**Problem requirements:**
Among the entries below, find the line with "Extreme Cashmere N°" and the line with "Mandala Blue White". Return exactly those lines and every line between them, but no pictures.

──────── Dataset extract

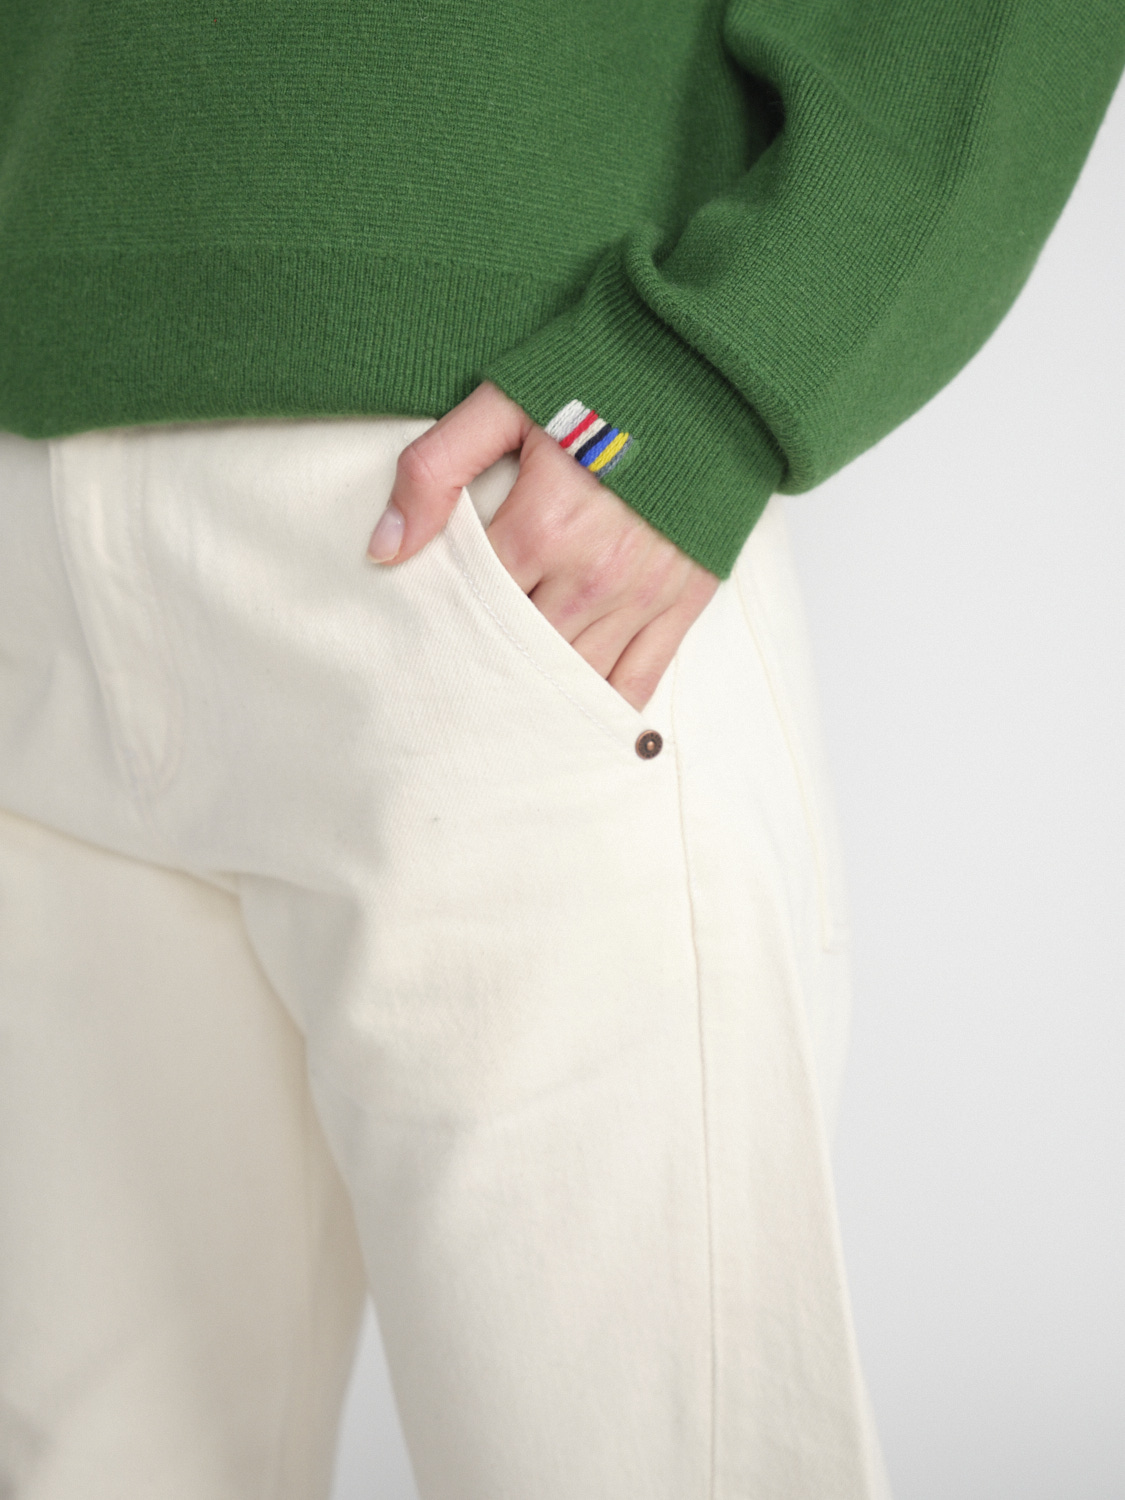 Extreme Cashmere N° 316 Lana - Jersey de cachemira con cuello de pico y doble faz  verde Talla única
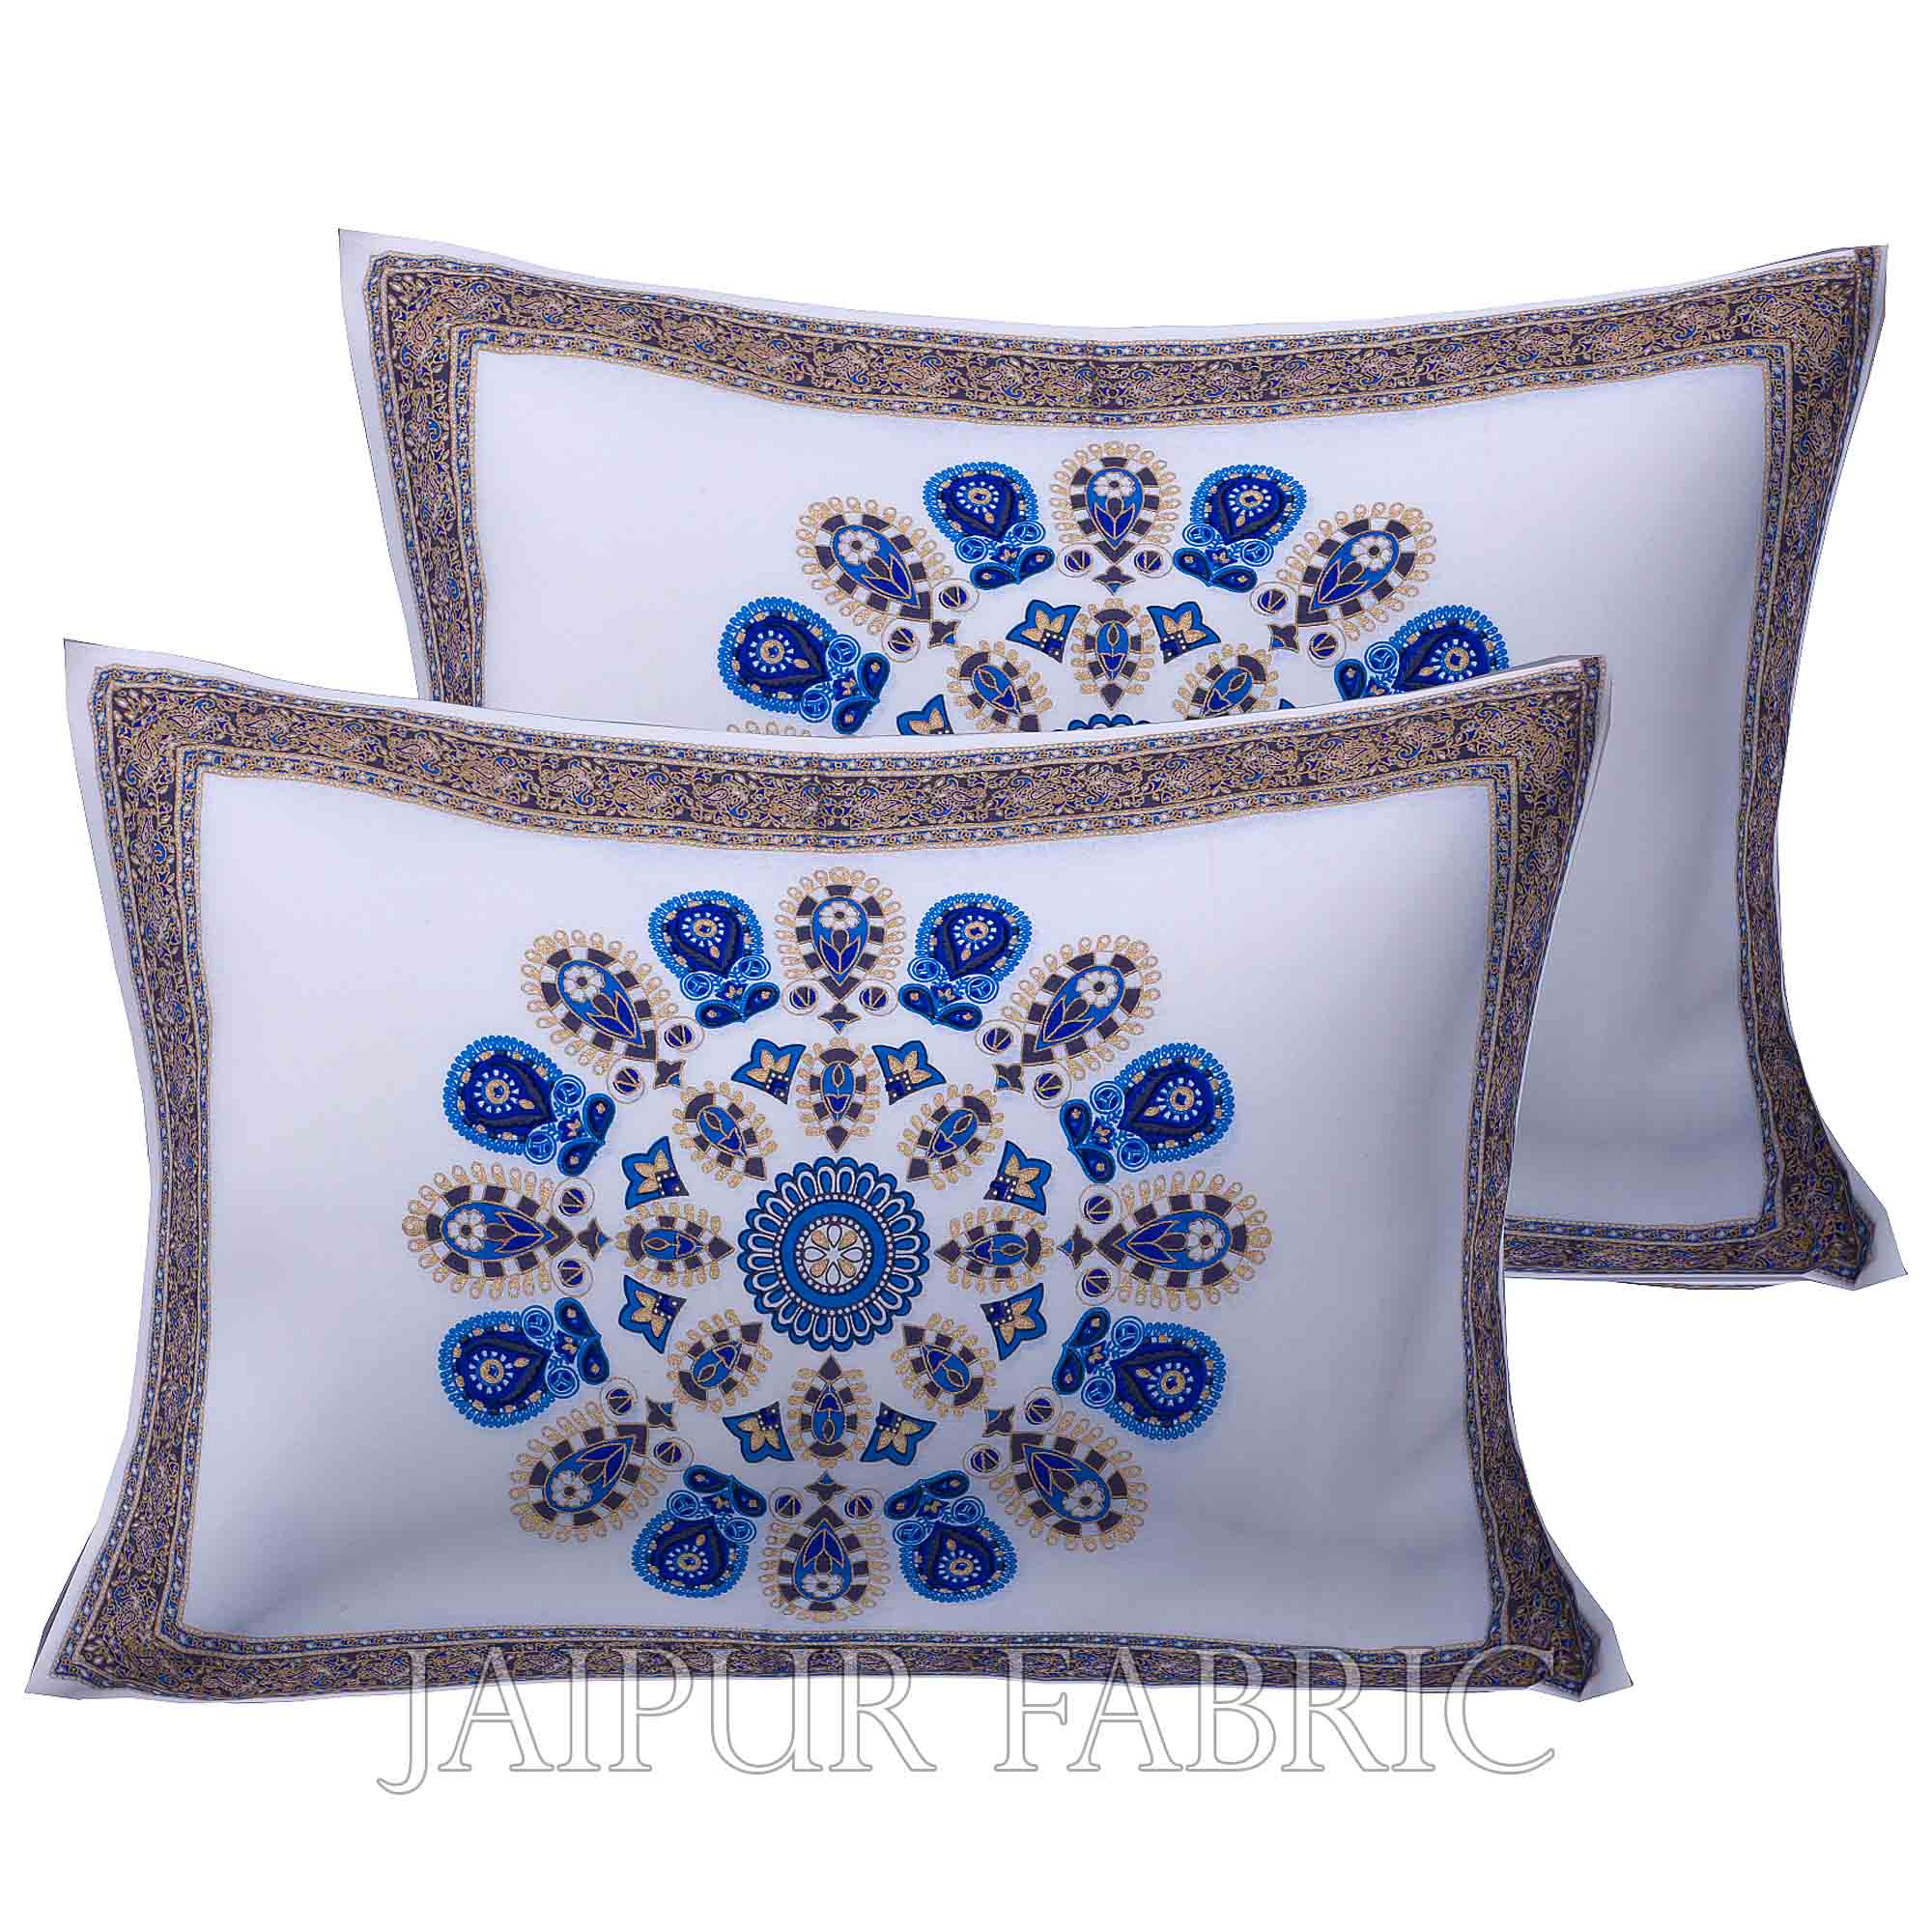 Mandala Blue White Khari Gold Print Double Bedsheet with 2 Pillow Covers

────────────────
──────── Dataset extract

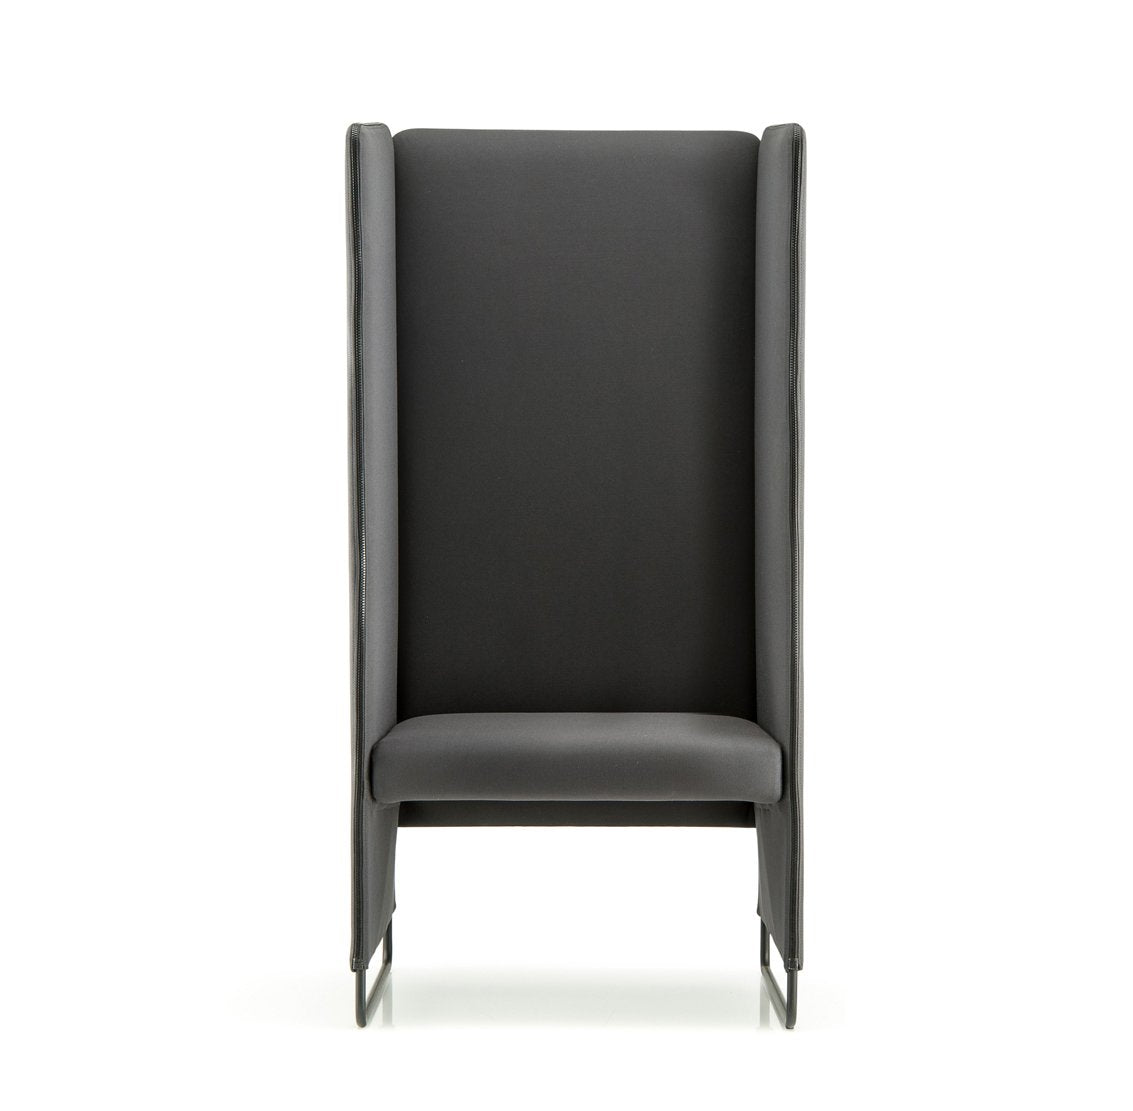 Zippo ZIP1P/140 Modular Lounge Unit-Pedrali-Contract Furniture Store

────────────────

**Exercise output:**
 Extreme Cashmere N° 316 Lana - Jersey de cachemira con cuello de pico y doble faz  verde Talla única
 Mandala Blue White Khari Gold Print Double Bedsheet with 2 Pillow Covers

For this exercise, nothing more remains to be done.